L’esposizione propone una copia del XVII secolo proveniente dalla Pinacoteca Nazionale di Bologna di una delle sue opere più conosciuta, Giuditta e Oloferne (l’originale è al Museo di Capodimonte, a Napoli). “Un tema, quella della decapitazione, che la pittrice mutua da Caravaggio e che diventerà quasi un leit motiv nel corso della sua carriera: la donna che deve difendersi da un uomo più forte fisicamente” precisa Patrizia Cavazzini.
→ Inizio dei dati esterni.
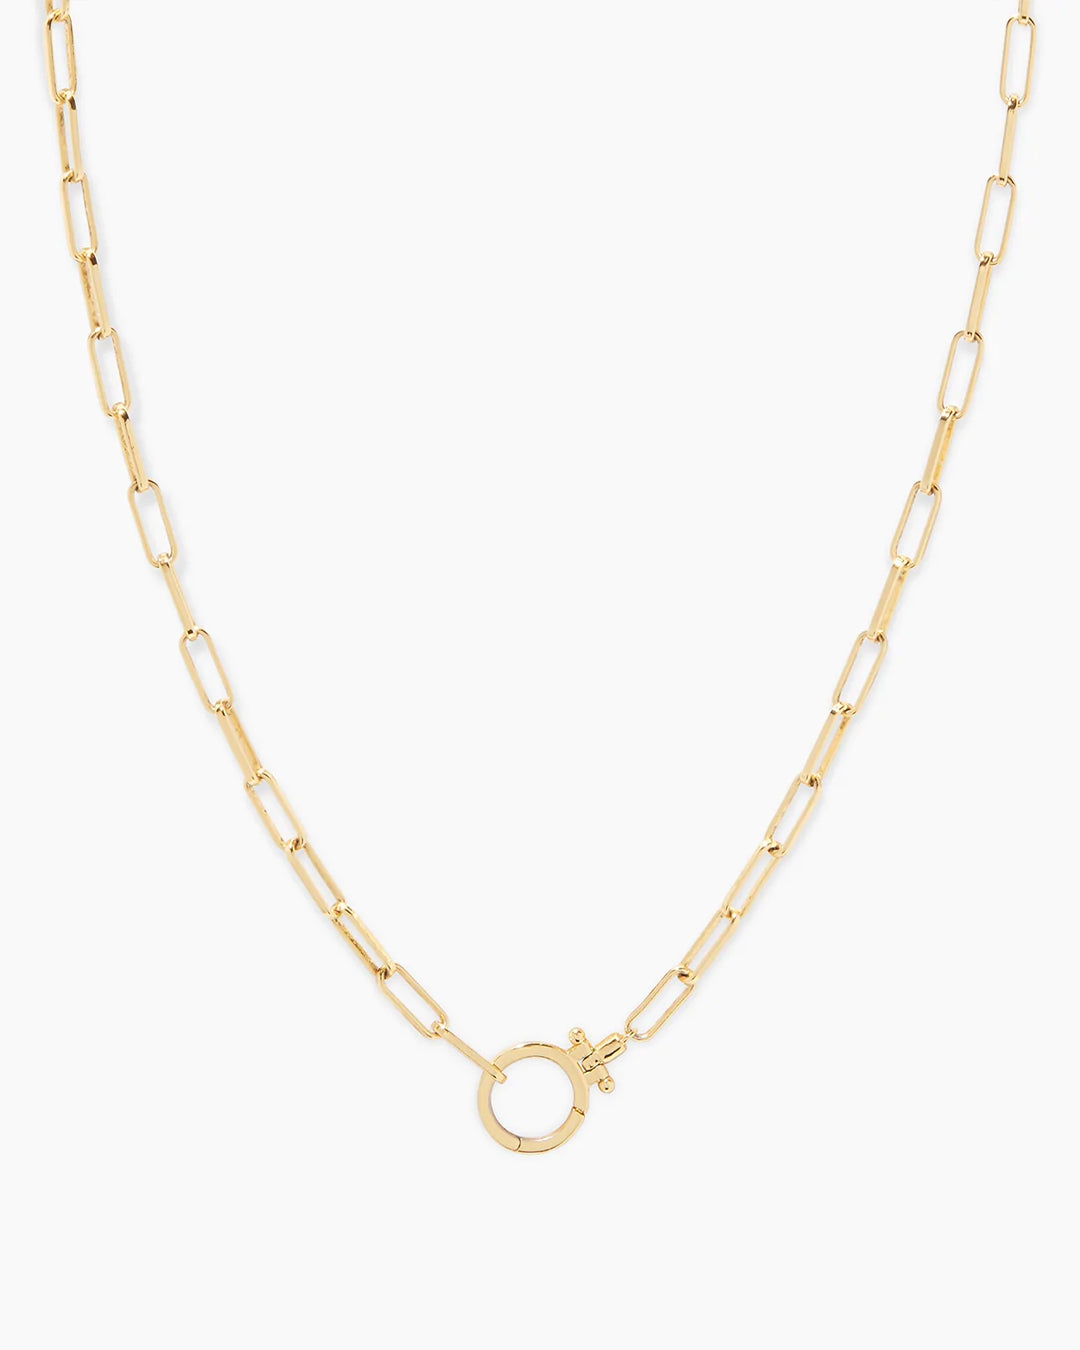 YELLOW GOLD PAPERCLIP LINK NECKLACE - Nelson's Jewelers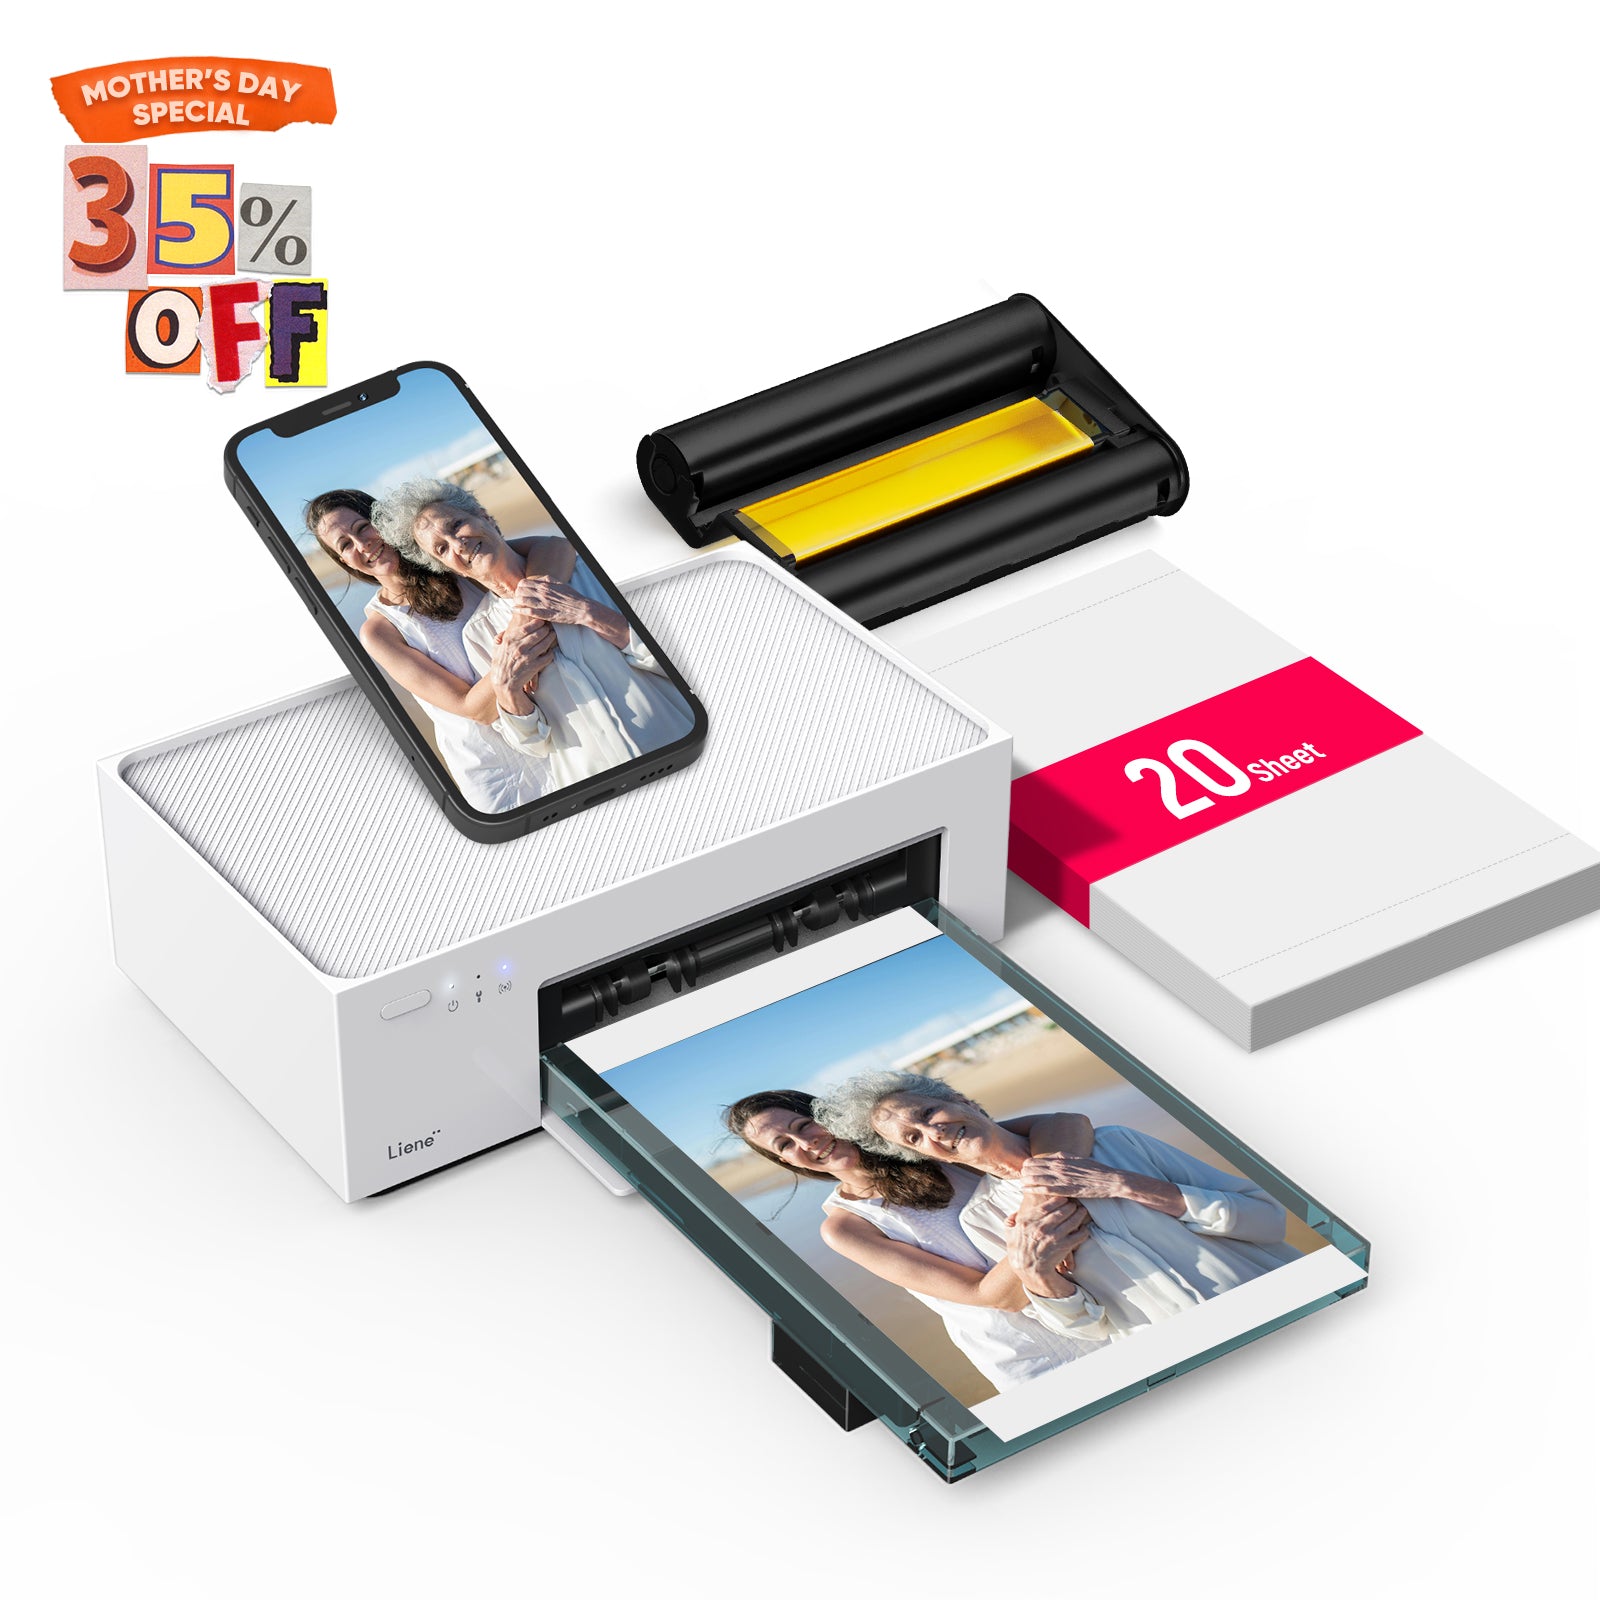 Liene Amber 4x6" Instant Photo Printer White (20 Photo Papers + 1 Cartridge)

Molte interpretazioni – soprattutto quelle in chiave femminista – hanno voluto leggere in questi temi una sorta di rivalsa per lo stupro subito in gioventù, ma Maria Cristina Terzaghi mette in guardia da certe letture in chiave psicologica: “Non credo che quell’episodio le abbia condizionato la vita, questa è un’interpretazione dell’immaginario moderno, in realtà è un’artista che, conscia della sua condizione femminile e delle difficoltà ad essere accettata, ha comunque saputo raggiungere il successo”. Un tema della lotta fra uomo e donna, con le donne trionfanti, ritorna anche nelle sale successive della mostra, come nell’impressionate, per realismo e violenza, Giaele e Sisara (1620) proveniente dal Museo di Belle Arti di Budapest. Da ammirare anche un altro capolavoro, di carattere più intimista, come la splendida Maddalena penitente (verso il 1625), opera recentemente restaurata proveniente dalla cattedrale di Siviglia.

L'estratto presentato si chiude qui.